## YOUR OBJECTIVE
Only the lines from the one containing "Rosa Paperbag-Shorts mit" through the last line below belong in your copy; transcribe them exactly and omit any pictures.

## DATA SHOWN
========

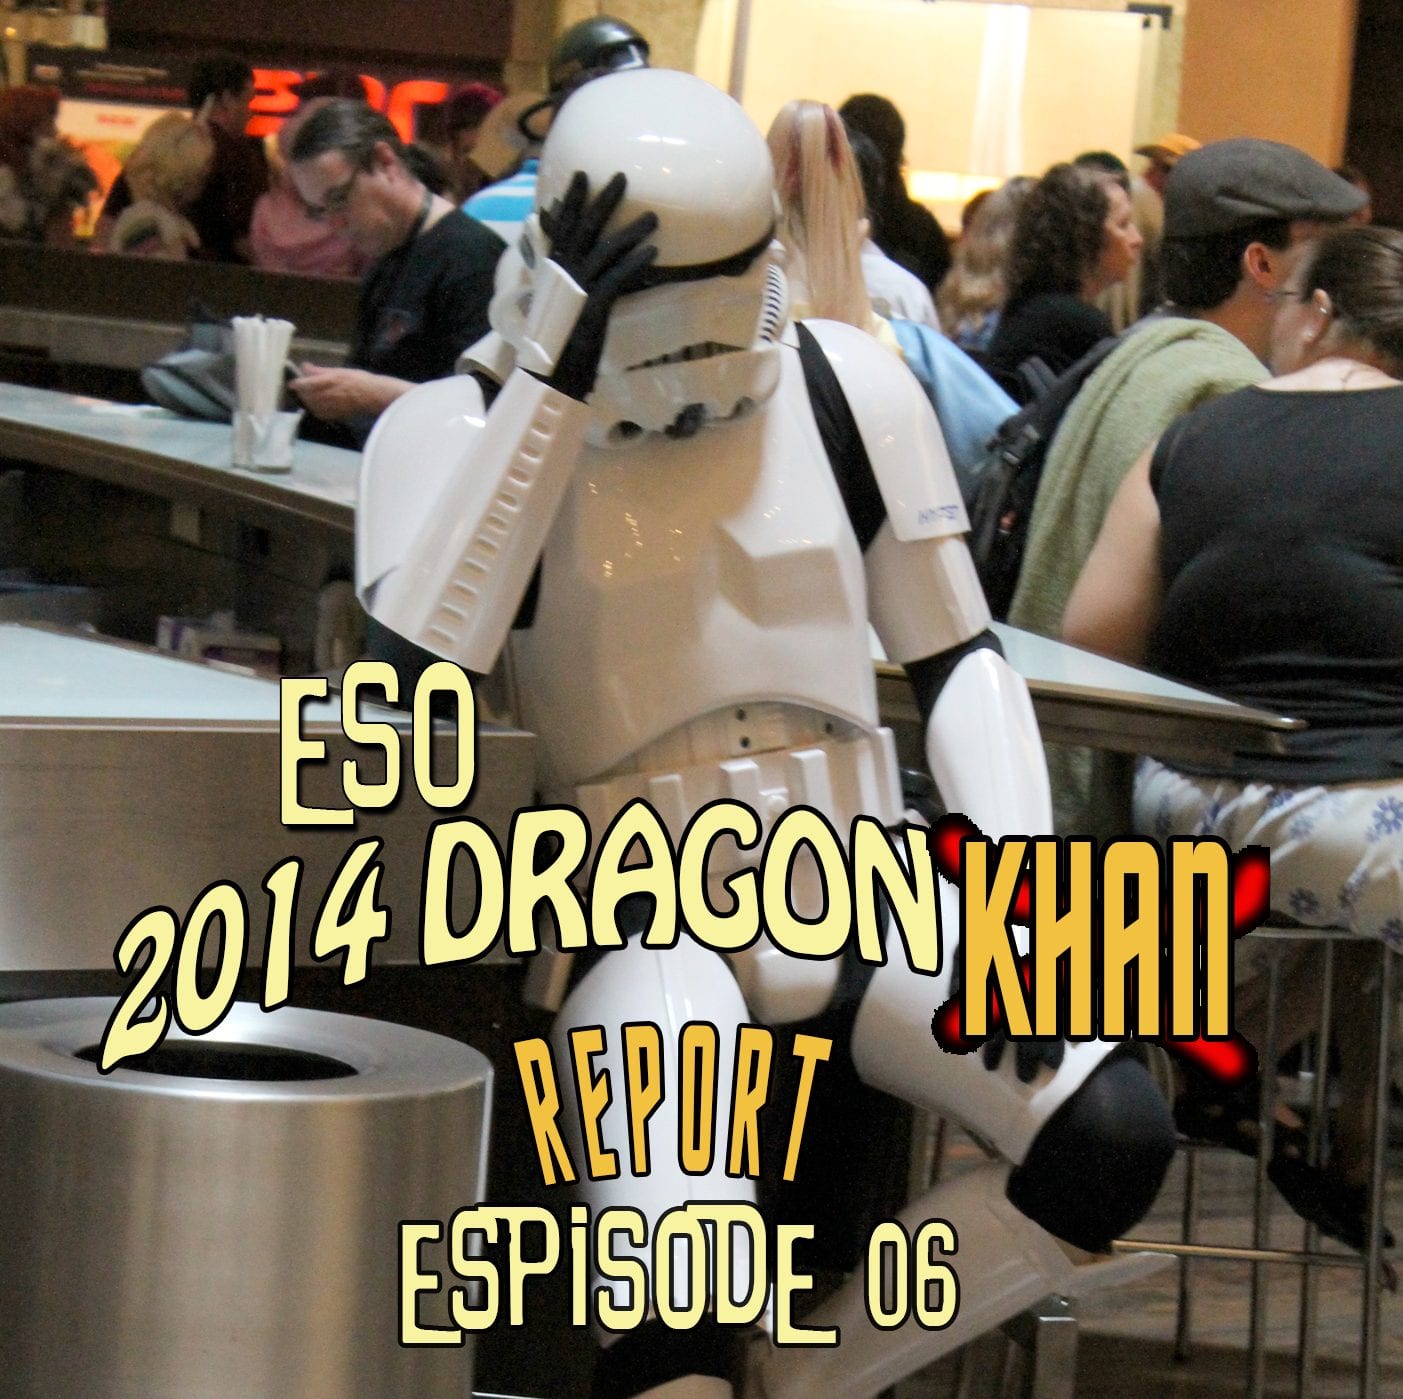 The ESO 2014 DragonCon Khan Report Ep 6
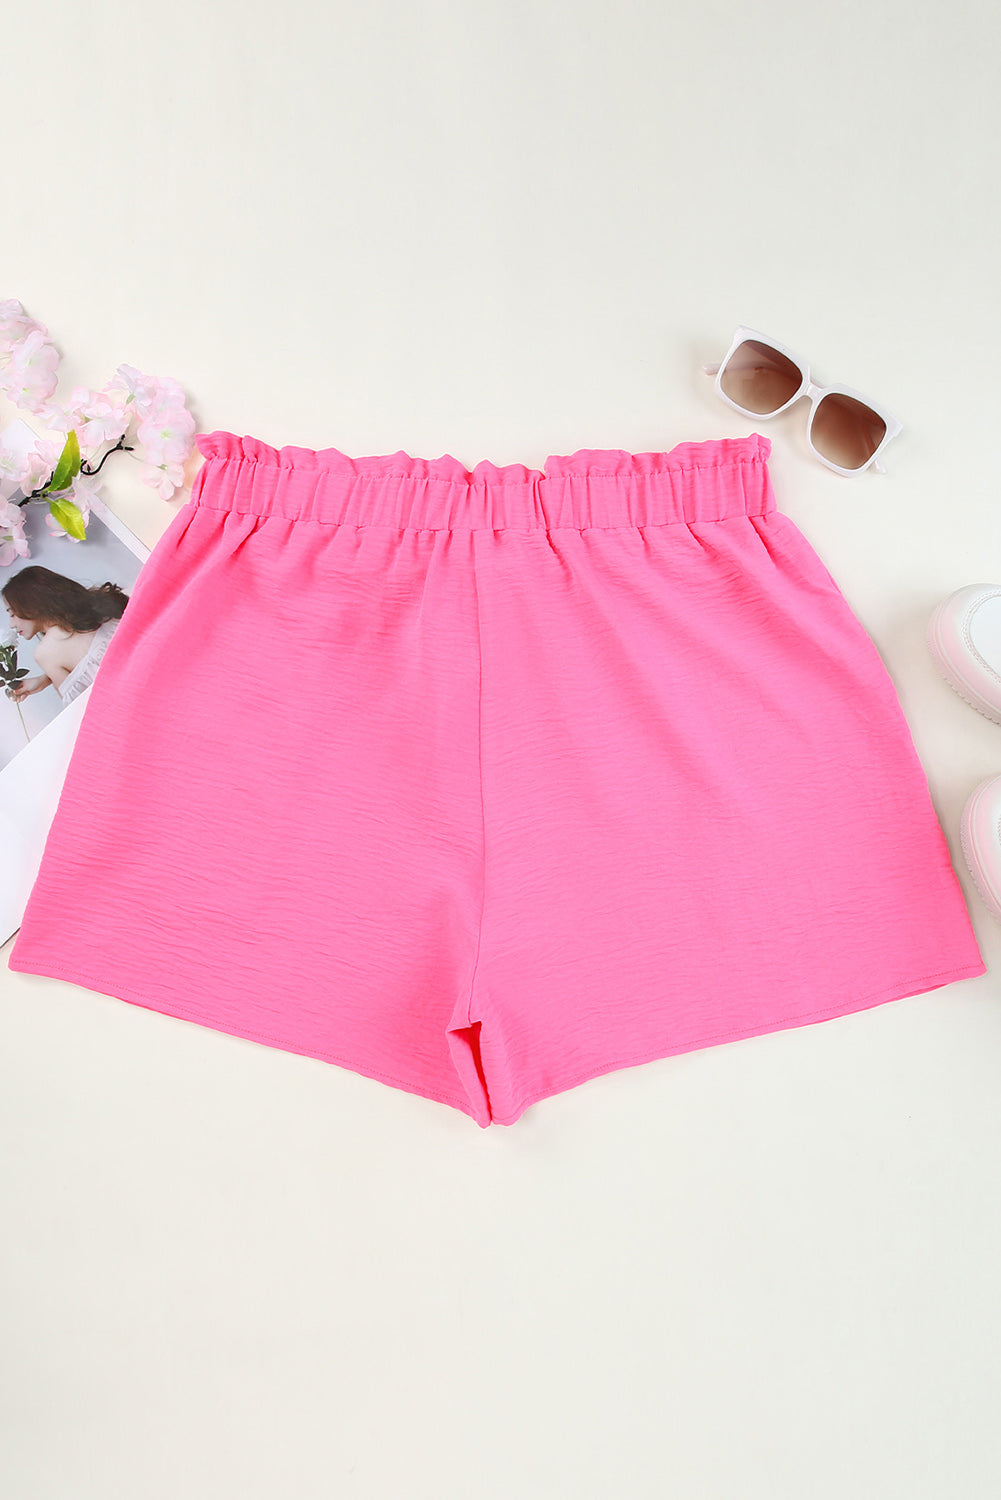 Rosa Paperbag-Shorts mit hoher Taille, strukturiert, Freizeitshorts in Übergröße
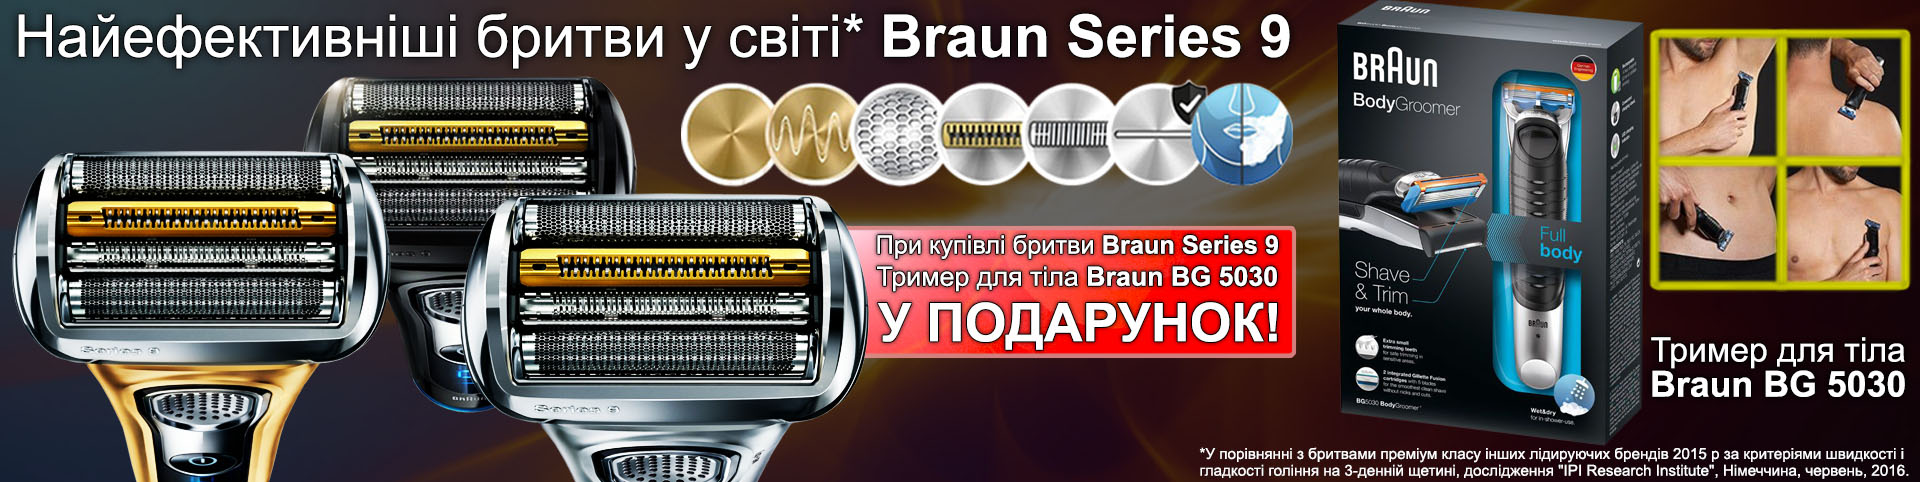 Купуючи бритву Braun Series 9, у подарунок ви отримуєте тример для тіла BG 5030

========

## RESULT FOR THIS TASK
 Rosa Paperbag-Shorts mit hoher Taille, strukturiert, Freizeitshorts in Übergröße
 Купуючи бритву Braun Series 9, у подарунок ви отримуєте тример для тіла BG 5030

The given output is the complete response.